Naar boven ↑

Rechtspraak

Uitspraakdatum

02-07-2012

ECLI

ECLI:NL:TADRSHE:2012:YA3085

Zaaknummer

H 236 - 2011

Inhoudsindicatie

Schending gedragsregel 19. Reeds jarenlang durende procedure en de indruk dat klaagster aan een sommatie toch niet zou voldoen, ontsloegen verweerster niet van de verplichting om klaagster en/of klaagsters advocaat  aan te schrijven alvorens de deurwaarder in te schakelen. Inhoud exploit onjuist, nagelaten herstelexploit te doen uitbrengen.

Inhoudsindicatie

Klacht gegrond; enkele waarschuwing.

Uitspraak

Beslissing van 2 juli 2012

     in de zaak H 236-2011

naar aanleiding van de klacht van:

 

                                        mevrouw X.

 

                                        klaagster

 

 

                                        tegen:

 

                                        mw. mr Y.

 

                                        verweerster         

 

 

1                Verloop van de procedure

1.1         Bij brief aan de raad van 6 december 2011 heeft de deken van de Orde van Advocaten in het arrondissement ‘s-Hertogenbosch de klacht ter kennis van de raad gebracht.

1.2         De klacht is behandeld ter zitting van de raad van 21 mei 2012 in aanwezigheid van klaagster en verweerster . Van de behandeling is proces-verbaal opgemaakt.

1.3         De raad heeft kennis genomen van:

-          de brief van de deken d.d. 6 december 2011 en de daarbij gevoegde stukken;

-          de nagekomen brief met bijlagen van klaagster d.d. 29 april 2012.

 

 

2        FEITEN

Voor de beoordeling van de klacht wordt, gelet op de stukken en hetgeen ter zitting is verklaard, van de volgende vaststaande feiten uitgegaan:

2.1     Klaagster heeft reeds jarenlang een geschil met haar zuster over de verdeling van de nalatenschap van de ouders van partijen. Het geschil handelde over de vraag of verweersters cliënte haar kindsdeel uit de nalatenschap van de vader van partijen al had ontvangen. Verweerster is de advocate van de zuster van klaagster en heeft haar bijgestaan in een gerechtelijke procedure bij de rechtbank ’s-Hertogenbosch en het gerechtshof te ’s-Hertogenbosch, die verweersters cliënte in het gelijk hebben gesteld.
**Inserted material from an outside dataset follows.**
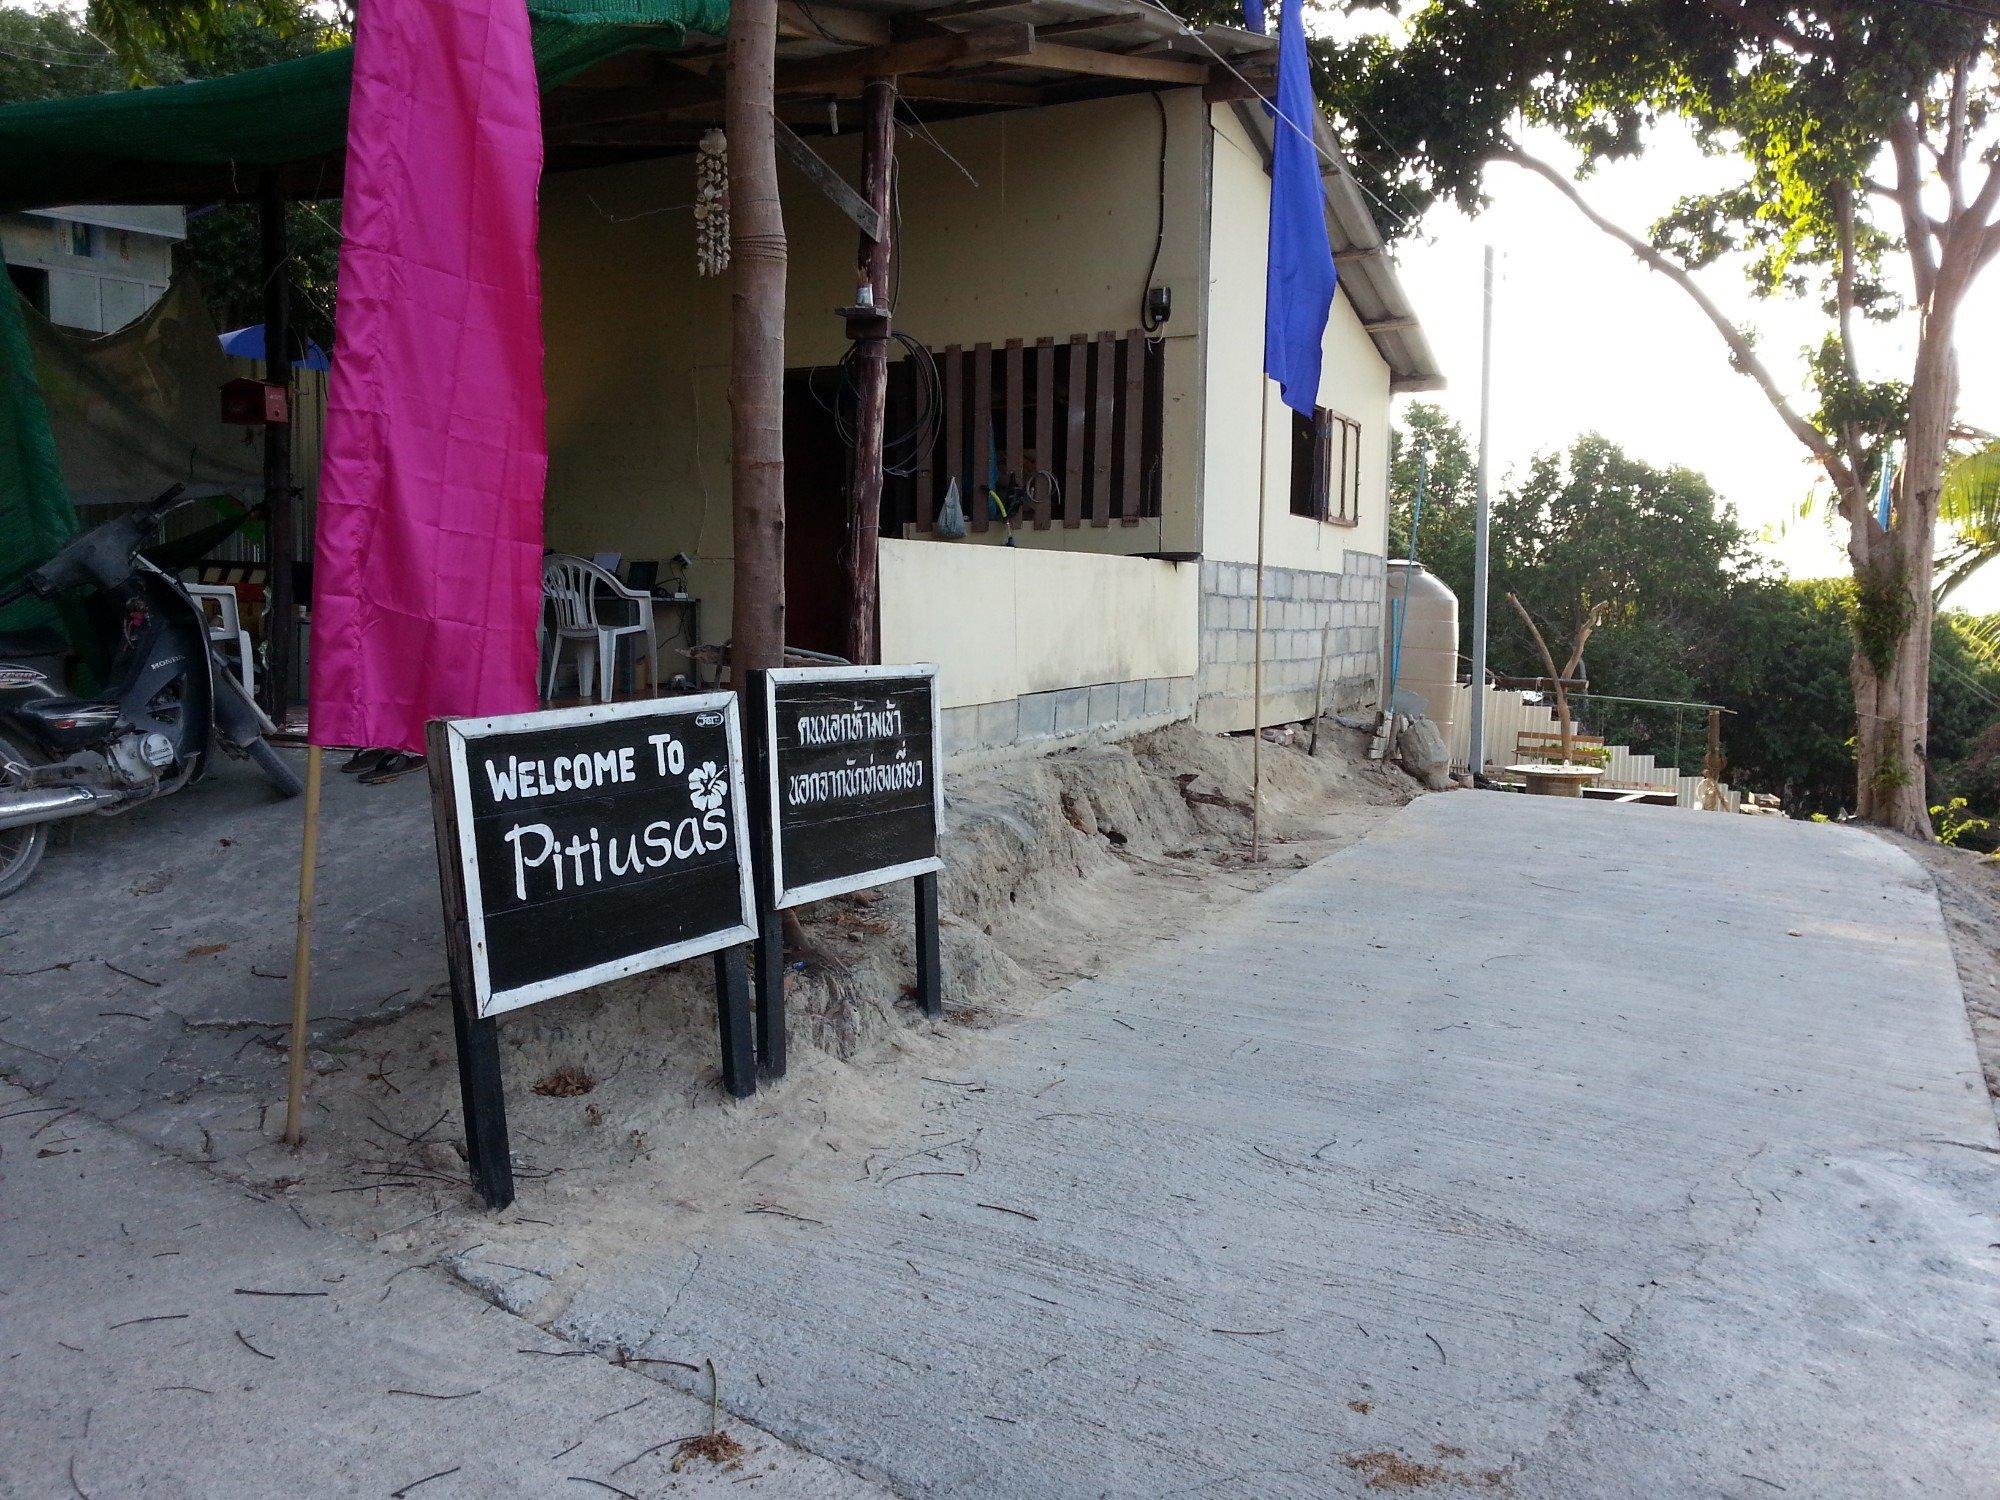 Entrance to Pitiusas Beach

2.2     Op 20 oktober 2011 heeft verweerster namens haar cliënte aan klaagster een deurwaardersexploit doen uitbrengen, waarbij een notariële akte d.d. 15 december 1988, het vonnis van de rechtbank te ’s-Hertogenbosch d.d. 29 september 2010 en het arrest van het gerechtshof te ’s-Hertogenbosch d.d. 6 september 2011 werden betekend en waarbij klaagster bevel werd gedaan om binnen twee dagen na betekening een bedrag van € 61.989,40 aan verweersters cliënte te voldoen.

 

3        KLACHT

3.1     De klacht houdt, zakelijk weergegeven, in:    

1.         Klaagster verwijt aan verweerster dat zij als advocate van haar wederpartij, onder schending van gedragsregel 19, op 20 oktober 2011 door een deurwaarder een exploit heeft laten uitbrengen waarin klaagster bevel wordt gedaan om een kleine € 62.000 te betalen. Volgens klaagster had verweerster hierover eerst haar advocaat dienen in te lichten.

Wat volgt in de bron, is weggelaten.